Comparing performance of Bling Fire and Hugging Face Tokenizers - microsoft/BlingFire GitHub Wiki

Comparing performance of Bling Fire and Hugging Face Tokenizers

We did a speed comparison of Hugging Face Tokenizers and Bling Fire. Both libraries were used to create numpy arrays of 128 elements each with ids for BERT BASE model. The input was a text file in UTF-8 encoding with training data (question, answer pairs) 510 MB in size. The goal of the benchmark to see how much time it takes to process this file on one thread.

We used this code for Bling Fire:

import sys
from blingfire import *
import argparse
import numpy as np

np.set_printoptions(linewidth=72)

parser = argparse.ArgumentParser()
parser.add_argument("-m", "--model", default="./bert_base_tok.bin", help="bin file with compiled tokenization model")
parser.add_argument("-s", "--no-output", default=False, help="No output, False by default")
parser.add_argument("-n", "--no-process", default=False, help="No process, False by default")
args = parser.parse_args()

h = load_model(args.model)

for line in sys.stdin:

    line = line.strip()

    if not args.no_process:
        ids = text_to_ids(h, line, 128, 100)

        if not args.no_output:
            print(line)
            print(ids)

free_model(h)

We used this code for Hugging Face tokenizers:

import sys
import argparse
import numpy as np
from tokenizers import (ByteLevelBPETokenizer, BPETokenizer, SentencePieceBPETokenizer, BertWordPieceTokenizer)
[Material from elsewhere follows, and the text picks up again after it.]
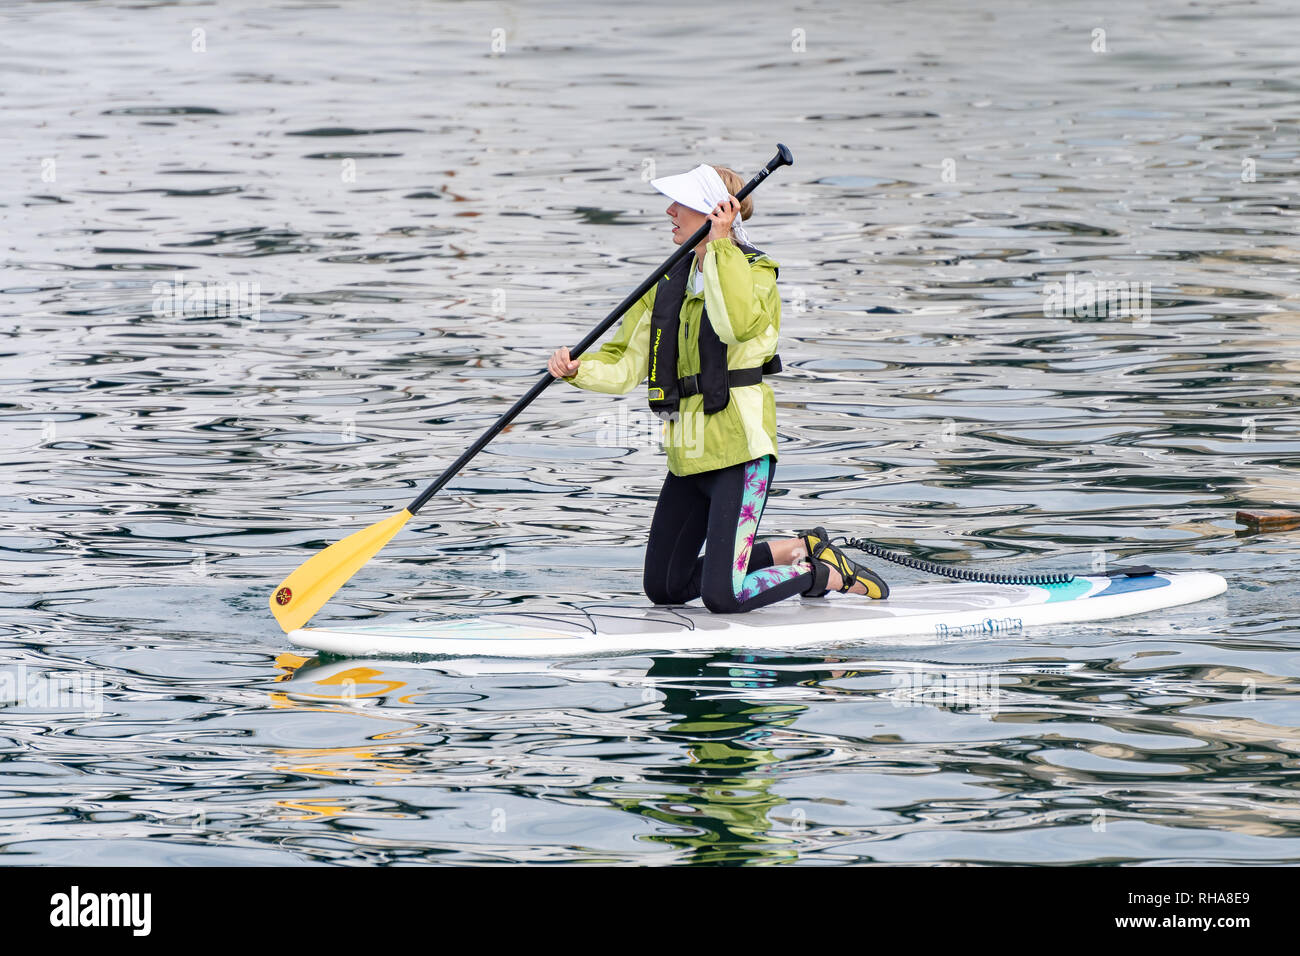 Vancouver, Canada - September 23 2017: Active caucasian adult female mid 30s kneeling on paddle board on river wearing green raincoat and visor hat Stock Photo

np.set_printoptions(linewidth=72)

parser = argparse.ArgumentParser()
parser.add_argument("-m", "--model", default="./vocab.txt", help="bin file with compiled tokenization model")
parser.add_argument("-i", "--ignore-case", default=True, help="ignore case, True by default")
parser.add_argument("-s", "--no-output", default=False, help="No output, False by default")
parser.add_argument("-n", "--no-process", default=False, help="No process, False by default")
args = parser.parse_args()

tokenizer = BertWordPieceTokenizer(args.model, lowercase=args.ignore_case, add_special_tokens=False)

for line in sys.stdin:

    line = line.strip()

    if not args.no_process:

        output = tokenizer.encode(line)
        ids = output.ids

        padded_ids = [0]*128
        for i in range(min(128, len(ids))):
            padded_ids[i] = ids[i]
        padded_ids = np.array(padded_ids)

        if not args.no_output:
            print(line)
            print(padded_ids)

For completeness we also ran the original code:

from __future__ import absolute_import
from __future__ import division
from __future__ import print_function

import sys
import tensorflow as tf
import tokenization
import numpy as np

class TokenizationTest(tf.test.TestCase):

  def test_full_tokenizer(self):

    tokenizer = tokenization.FullTokenizer(vocab_file="./vocab.multi_cased.txt", do_lower_case=False)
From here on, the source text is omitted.